We continue to use Alloy as the main runner, but we remove the need for Telegraf. We instead define an Influx

[config.alloy]

...

prometheus.remote_write "influx" {
  endpoint {
    url = "http://influxdb:8086/api/v2/write?bucket=mybucket&org=myorganisation"

    bearer_token = "BearerTokenGoesHere=="
  }
}

...

prometheus.scrape "scraper" {
  targets    = discovery.relabel.cadvisor_rename.output
  forward_to = [ prometheus.remote_write.main.receiver, prometheus.remote_write.influx.receiver ]
  scrape_interval = "15s"
}

This uses the /api/v2/write api from InfluxDB which should have native support for Prometheus.

Results:

  • Using InfluxDB v2.8
  • Critical: InfluxDB throws error on ingestion due to the data schema sent; documentation does mention that Telegraf handles data differently, but I didn't expect a full stop data compability error.

Visualisation, Grafana

Grafana to visualise our observability data, via a generic dashboard for cAdvisor from the open catalog.

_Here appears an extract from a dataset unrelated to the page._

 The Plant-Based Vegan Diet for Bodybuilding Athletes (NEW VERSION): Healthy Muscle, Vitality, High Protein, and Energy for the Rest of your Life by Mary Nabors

Why cAdvisor? If you didn't notice from the Alloy configs, we use the prometheus.exporter.cadvisor which uses cAdvisor (repo) under the hood to measure usage and performance of Docker containers.

We will use this dashboard that measures CPU, memory, I/O, network traffic, container restarts, Grafana dashboards / cAdvisor Docker Insights

Dashboards, Prometheus

With the above dashboard and Prometheus as a data source, we have no issues and the system is performing nominally.

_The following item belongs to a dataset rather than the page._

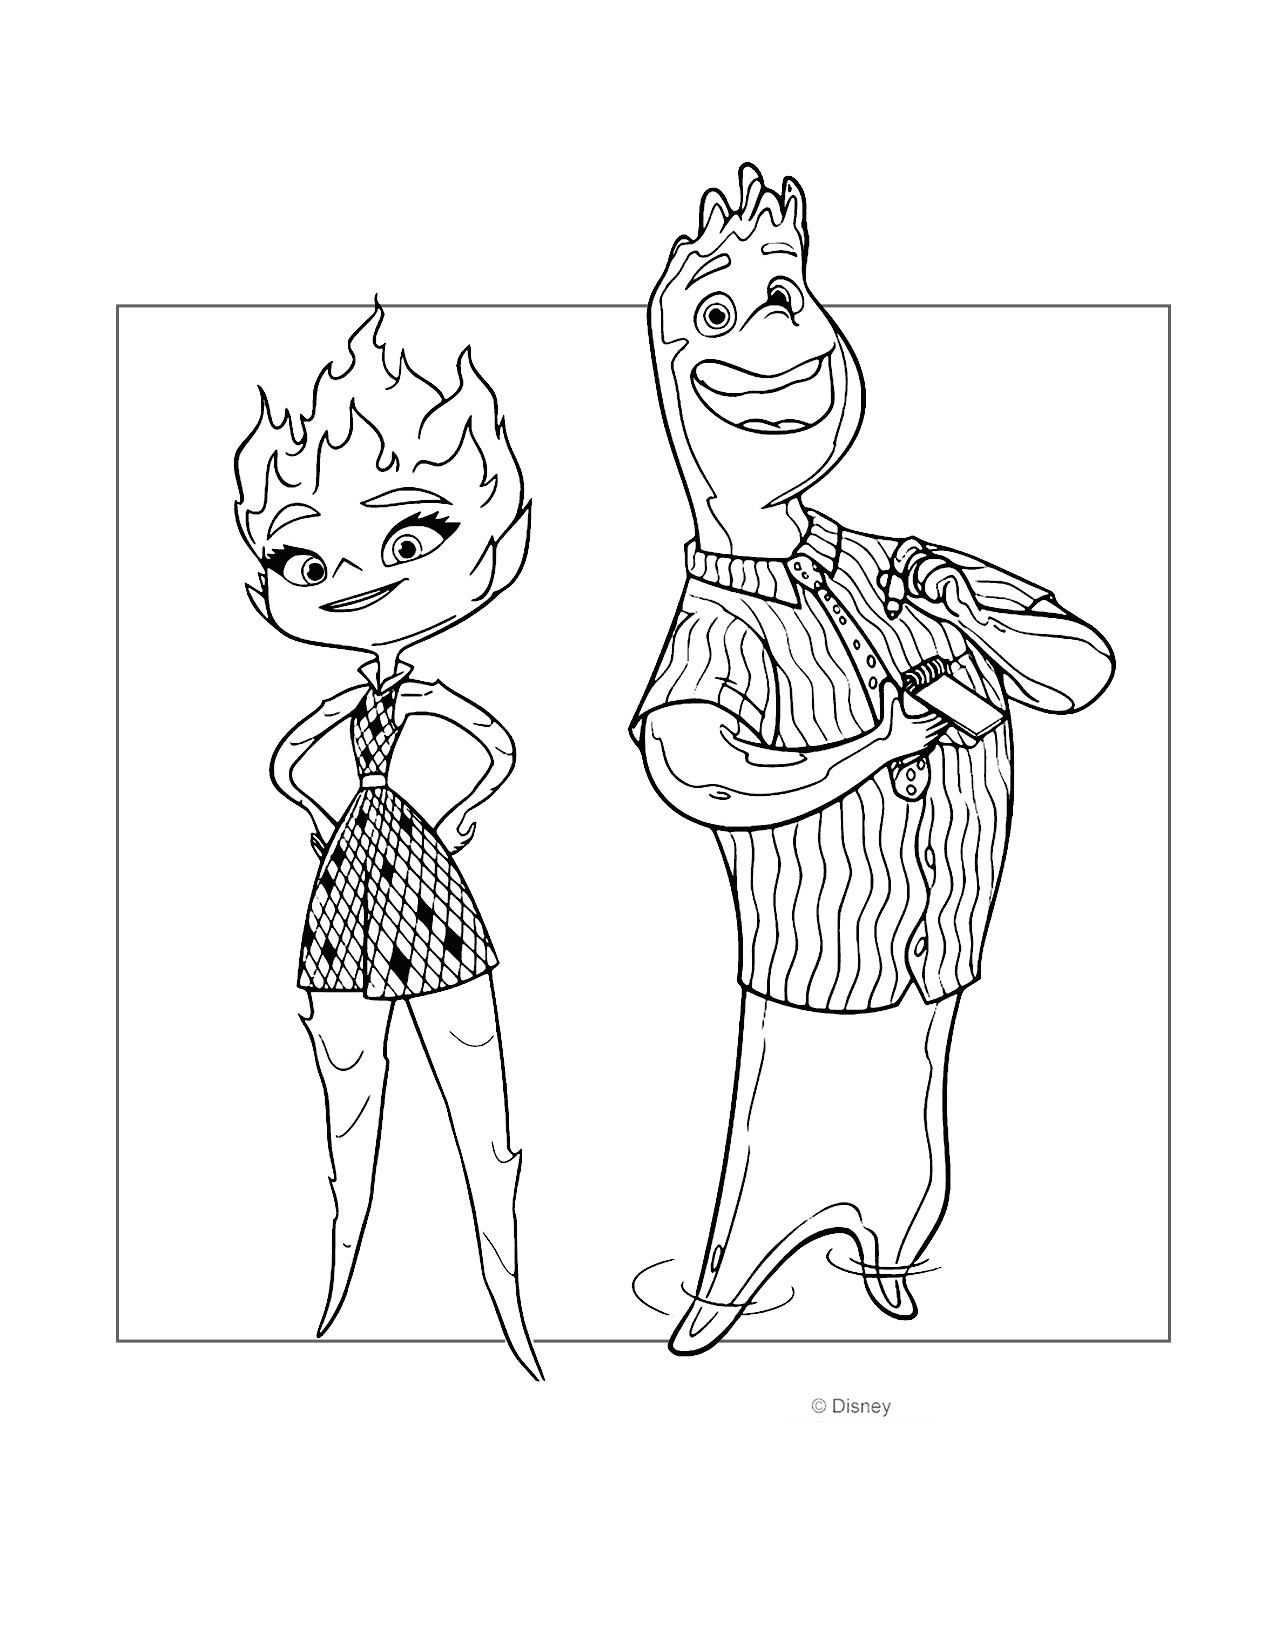 Elemental Ember And Wade Coloring Page

The dashboard is designed with Prometheus in mind so all the panels use PromQL queries.

Dashboards, InfluxDB

Here is where we need to do some work to make the InfluxDB data queries mimick Prometheus. Can we achieve like for like dashboard parity?

First blocker, InfluxDB doesn't use PromQL, and uses instead InfluxQL or Flux as query languages.

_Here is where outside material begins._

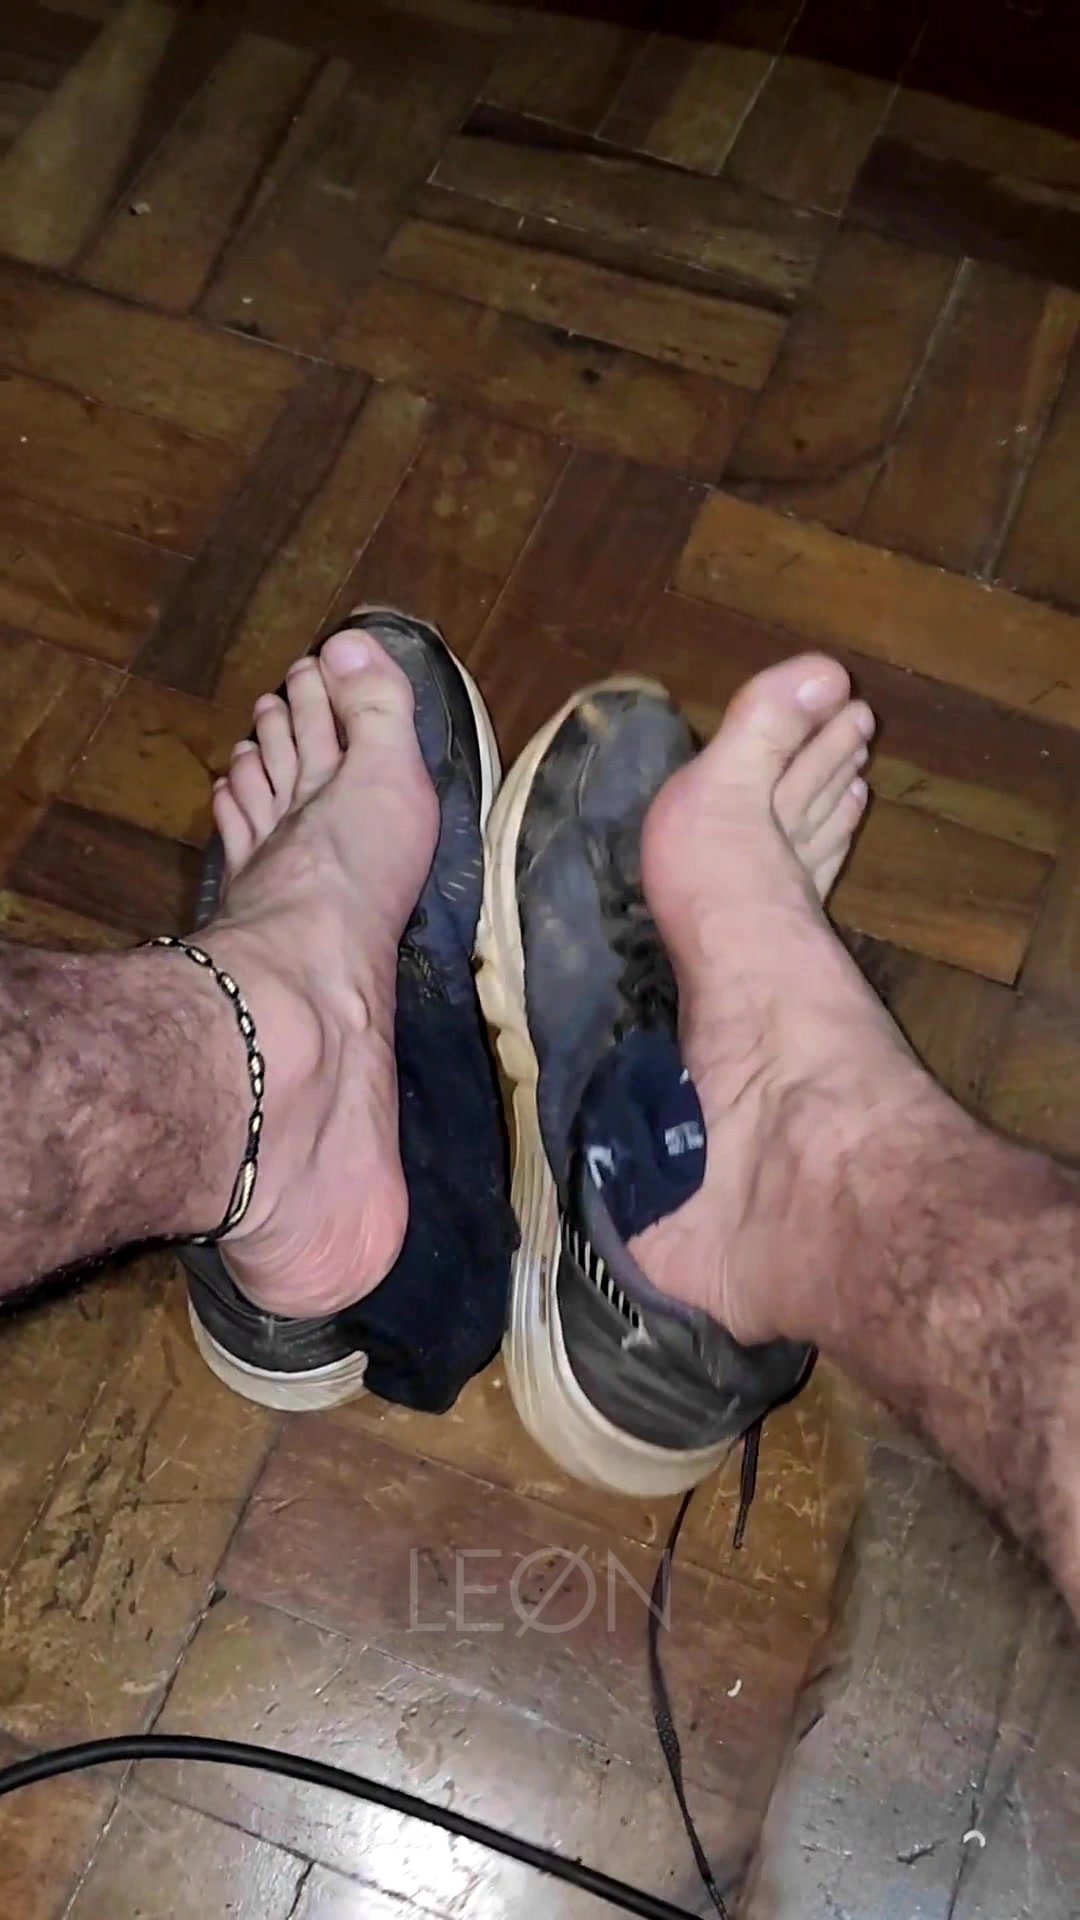 Smelly feet, sneakers, socks and flip-flops

  • Flux, a functional style time-series query language
  • InfluxQL, a SQL-like query language

More details in the full parity chart between the two languages, InfluxQL and Flux parity chart.

Note, this is only true for InfluxDB v2.8. InfluxDB v3 adopted SQL in full, and renamed Flux to InfluxQL. See the InfluxDB product chart for more info see this docs page Understanding InfluxDB products

InfluxQL -> SQL
Flux     -> InfluxQL

Given PromQL is also a functional query language, we should use Flux to recreate the dashboard.

Panel, Running Containers, Prometheus

Dashboard: cAdvisor 
Panel: Running container
Data source: Prometheus

PromQL query.

count(count(container_last_seen) by (name))

And a more semantic query variation.

sum by (name) (count(container_last_seen))

The metric container_last_seen is a Gauge as defined by cAdvisor, in Monitoring cAdvisor with Prometheus.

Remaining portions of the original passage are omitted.